◆ Recorded information ◆
----------------

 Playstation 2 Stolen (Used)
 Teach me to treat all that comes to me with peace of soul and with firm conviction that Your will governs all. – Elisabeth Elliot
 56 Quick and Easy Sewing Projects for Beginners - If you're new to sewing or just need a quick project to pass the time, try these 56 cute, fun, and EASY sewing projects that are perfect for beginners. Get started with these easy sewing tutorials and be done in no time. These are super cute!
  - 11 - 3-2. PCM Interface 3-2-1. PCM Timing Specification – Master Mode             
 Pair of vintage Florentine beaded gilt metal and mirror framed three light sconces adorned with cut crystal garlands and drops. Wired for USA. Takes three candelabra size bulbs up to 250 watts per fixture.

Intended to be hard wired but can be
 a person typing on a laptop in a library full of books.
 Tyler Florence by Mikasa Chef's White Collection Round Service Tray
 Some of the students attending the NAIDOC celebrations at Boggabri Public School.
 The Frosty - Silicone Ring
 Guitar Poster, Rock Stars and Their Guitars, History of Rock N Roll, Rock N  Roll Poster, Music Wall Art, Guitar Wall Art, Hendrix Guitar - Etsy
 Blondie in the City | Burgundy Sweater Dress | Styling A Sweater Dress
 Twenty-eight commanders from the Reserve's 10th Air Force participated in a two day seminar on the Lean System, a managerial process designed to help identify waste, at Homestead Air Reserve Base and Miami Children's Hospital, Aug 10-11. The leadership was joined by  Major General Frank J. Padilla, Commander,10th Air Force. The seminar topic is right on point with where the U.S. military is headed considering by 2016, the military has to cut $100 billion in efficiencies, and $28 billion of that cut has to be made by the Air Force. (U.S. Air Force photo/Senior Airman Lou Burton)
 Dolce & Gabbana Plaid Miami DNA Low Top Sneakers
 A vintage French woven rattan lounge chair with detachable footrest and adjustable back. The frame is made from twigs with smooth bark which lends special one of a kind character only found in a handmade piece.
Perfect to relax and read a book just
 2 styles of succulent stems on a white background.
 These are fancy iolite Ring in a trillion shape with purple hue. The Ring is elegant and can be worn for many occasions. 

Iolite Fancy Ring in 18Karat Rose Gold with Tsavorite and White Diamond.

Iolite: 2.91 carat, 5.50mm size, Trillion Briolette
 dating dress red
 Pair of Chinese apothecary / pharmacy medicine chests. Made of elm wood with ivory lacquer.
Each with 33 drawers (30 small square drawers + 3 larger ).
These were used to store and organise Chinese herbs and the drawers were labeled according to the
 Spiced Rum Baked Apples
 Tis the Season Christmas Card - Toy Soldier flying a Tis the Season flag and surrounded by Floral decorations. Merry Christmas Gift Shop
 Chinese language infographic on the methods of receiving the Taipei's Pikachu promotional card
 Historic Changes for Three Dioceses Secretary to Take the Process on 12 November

----------------

◆ About this task ◆
The answer must be a single number: how many lines above contain the word "Chinese".

◆ Reply to the exercise ◆
3